--- On Mon, 3/18/13, WarrenS <

warren.wds@...> wrote:

> Note my Lehmer test actually ran in "1.60 Selfridges"

> experimentally

...

> while(j>0){

> A = mulmod64(A, A, m);

> A = mulmod64(A, A, m);

> A = mulmod64(A, A, m);

> j -= 3;

> es = (e>>j)&7;

> //prefacing this line with "if(es)" is

> optional; the "if" gives 2-3% speedup on my machine:

>

> if(es){ A = mulmod64(A, gpow[es], m); }

> }

For the fixed g==2 case, this is suboptimal, running at about 1.3x (31/24 = (3+7/8)/3) the cost it could have. And 1.3 * 1.6 = 2, as expected.

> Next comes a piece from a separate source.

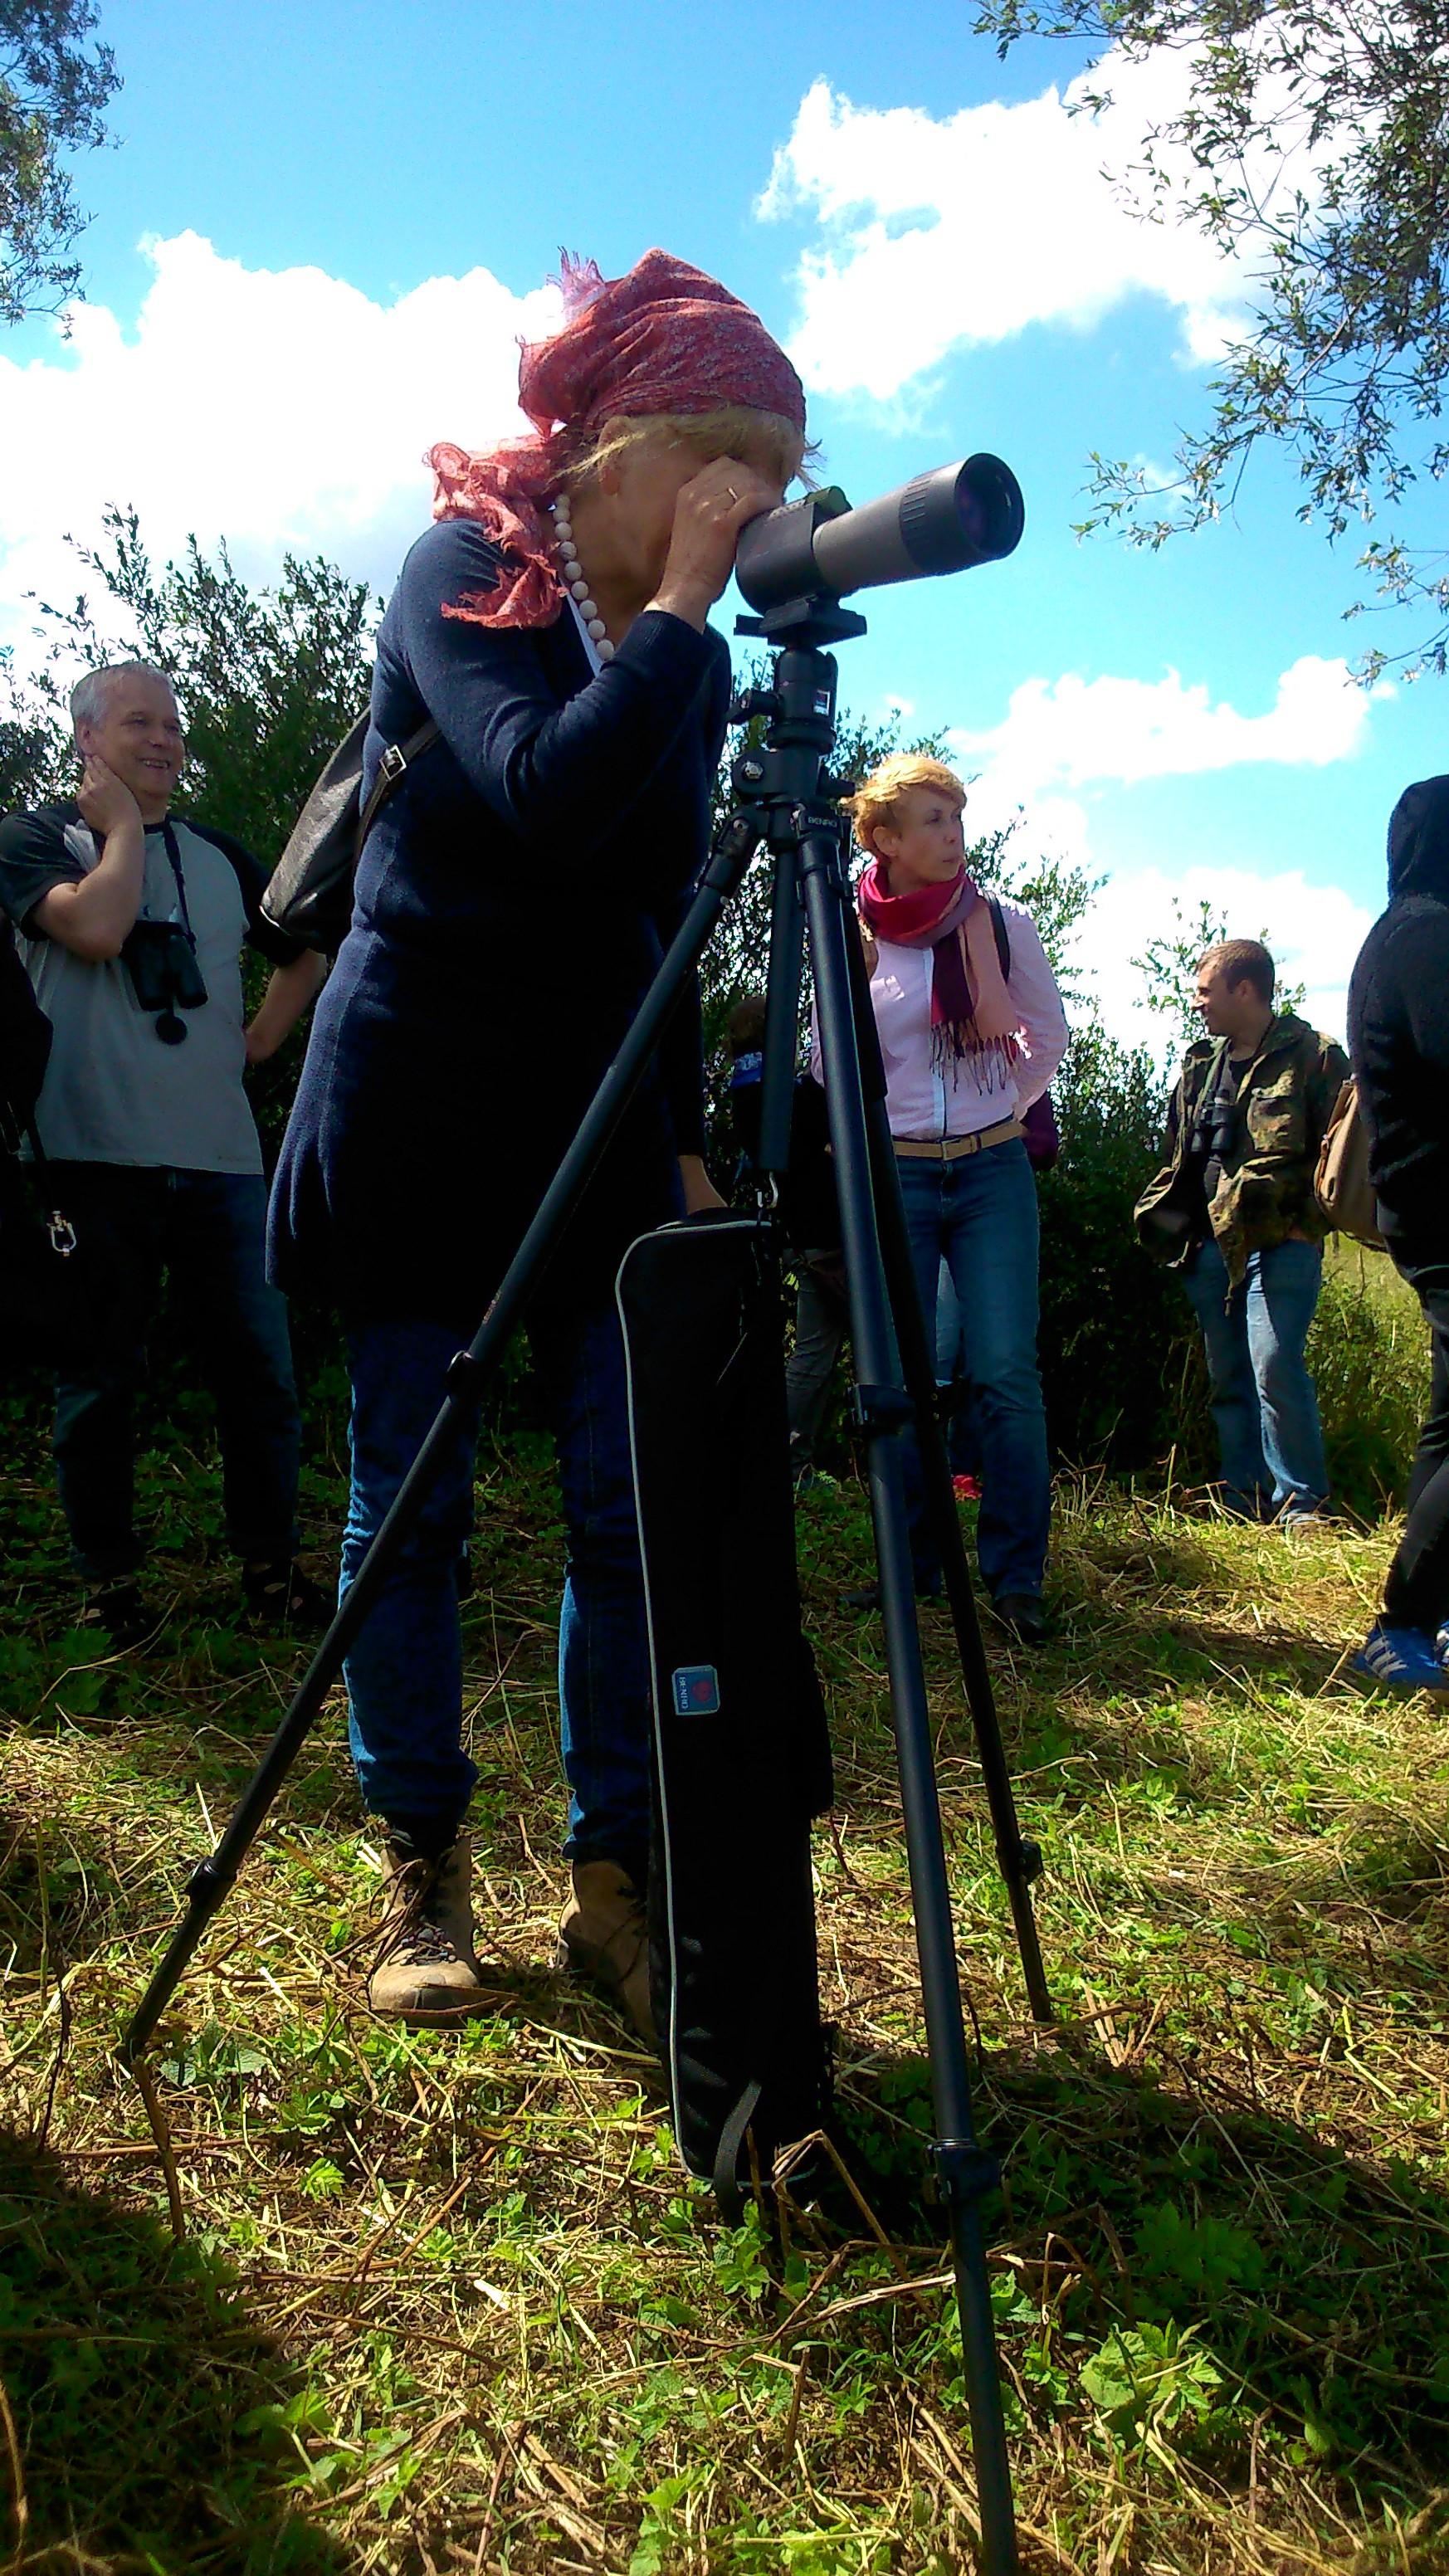 """Rezerwat Przyrody """"Beka"""" - podglądanie przyrody z daleka (foto. P. Manthey)"""

Use balanced residues (-p/2 .. +p/2), and your multiply/squaring can be accompanied by a doubling (multiplication by g=2) almost for free. Then at each single bit step you either do a mulmod() or a mulmoddouble().

Balanced residues work best when using the mixed floating-point/fixed-point mulmod algorithm. (Find a*b*(1/p) on the FPU, round to nearest, multiply by p in integers, subtract its bottom bits from the bottom bits of integer (a*b).)

Note, however, that if you're interested in speed, you'll want a sqmod() operation as well as a mulmod() operation, there's no point in creating unnecessary duplicates. A good C compiler might be able to perform this optimisation for you if all the functions are inline and written in a compiler-friendly way, but sometimes it's just best to keep things explicitly simple.

Phil

--

() ASCII ribbon campaign () Hopeless ribbon campaign

/\ against HTML mail /\ against gratuitous bloodshed

[stolen with permission from Daniel B. Cristofani]